One of last year’s research columns bemoaned the fact that only four out of 119 alfalfa varieties registered in Canada between 2012 and 2022 had been developed in Canada. The rest were from China, Australia or the U.S.

Since then, the CFIA has approved nine more varieties originating from Washington, Wisconsin, Idaho or California. These latest varieties have all been selected for yield and resistance to a variety of biotic (living) threats posed by insects, worms, bacteria and fungi. Two of them have been selected for winterhardiness, but none mention any selection for resistance to other environmental threats like flood or drought. Several of them had been tested in Minnesota, Wisconsin, Washington and Idaho, but as far as I could tell, none had been evaluated in Canada before being registered.

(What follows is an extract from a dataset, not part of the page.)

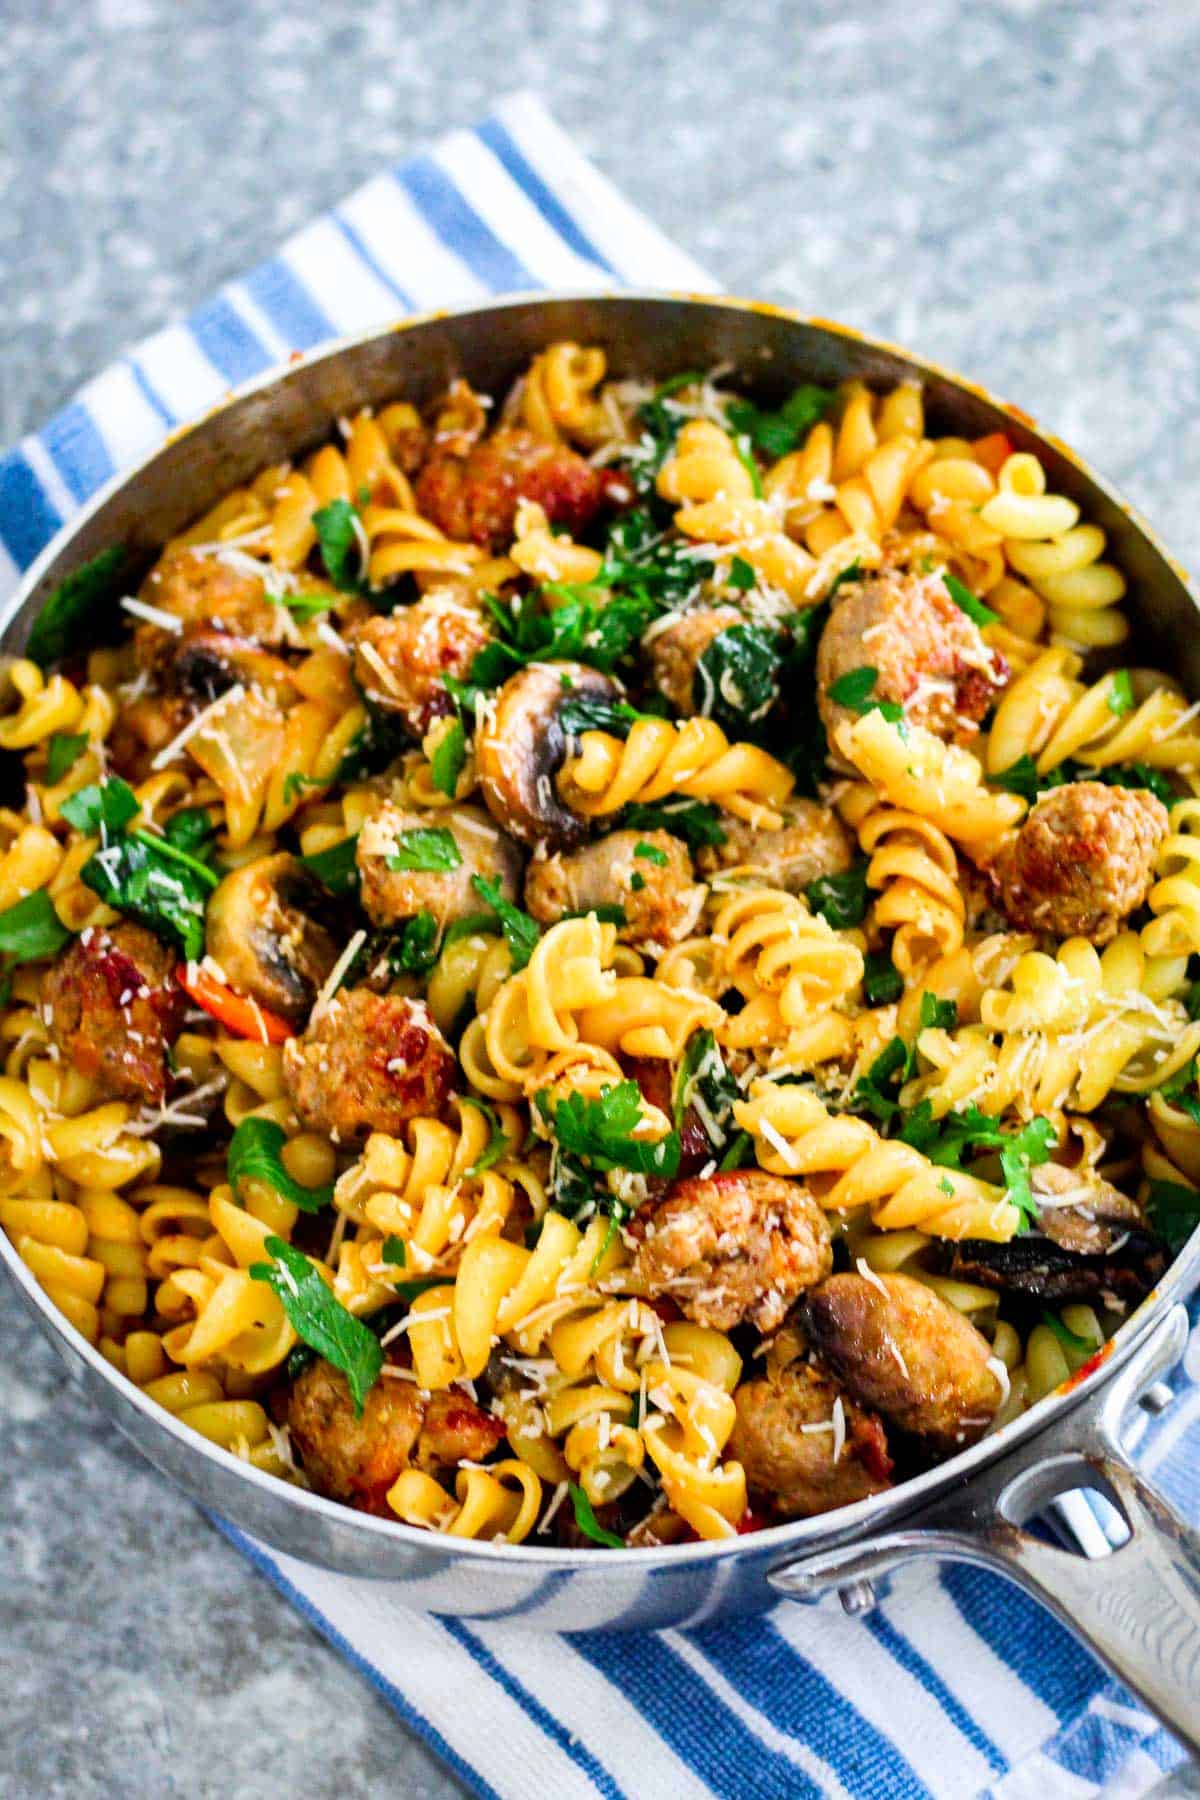 Fusilli pasta with sausages, spinach, mushrooms and cheese shown in a deep pan, ready to serve family style.
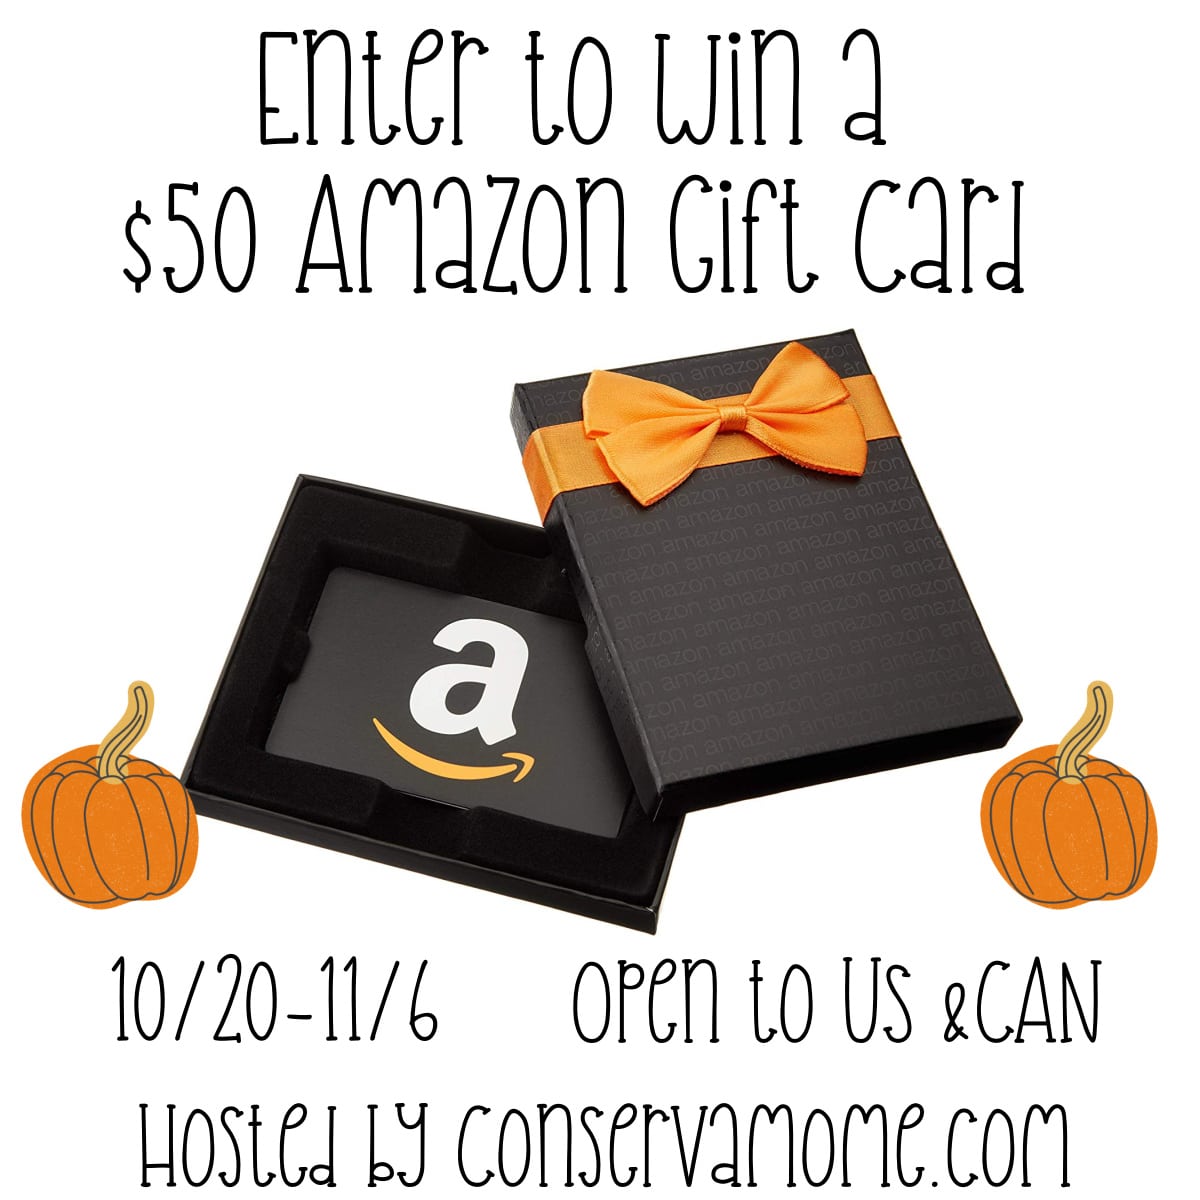 Enter to win a $50 Amazon Gift Card

Anyone who’s purchased breeding stock from another region, then watched them shrivel up, lose condition, fail to rebreed and fall out of your herd understands the importance of developing genetics to match the environment they’re expected to work in. The same thing applies to forage crops. With Canada’s best agricultural land being seeded to soybeans, canola, lentils, corn and other high value annual crops, forages need to be able to survive and thrive in poorer quality soils that are often more subject to drought, flooding or both–sometimes in the same year. Can we really expect alfalfa genetics to cope with drought or flood when they’ve never been tested under those conditions?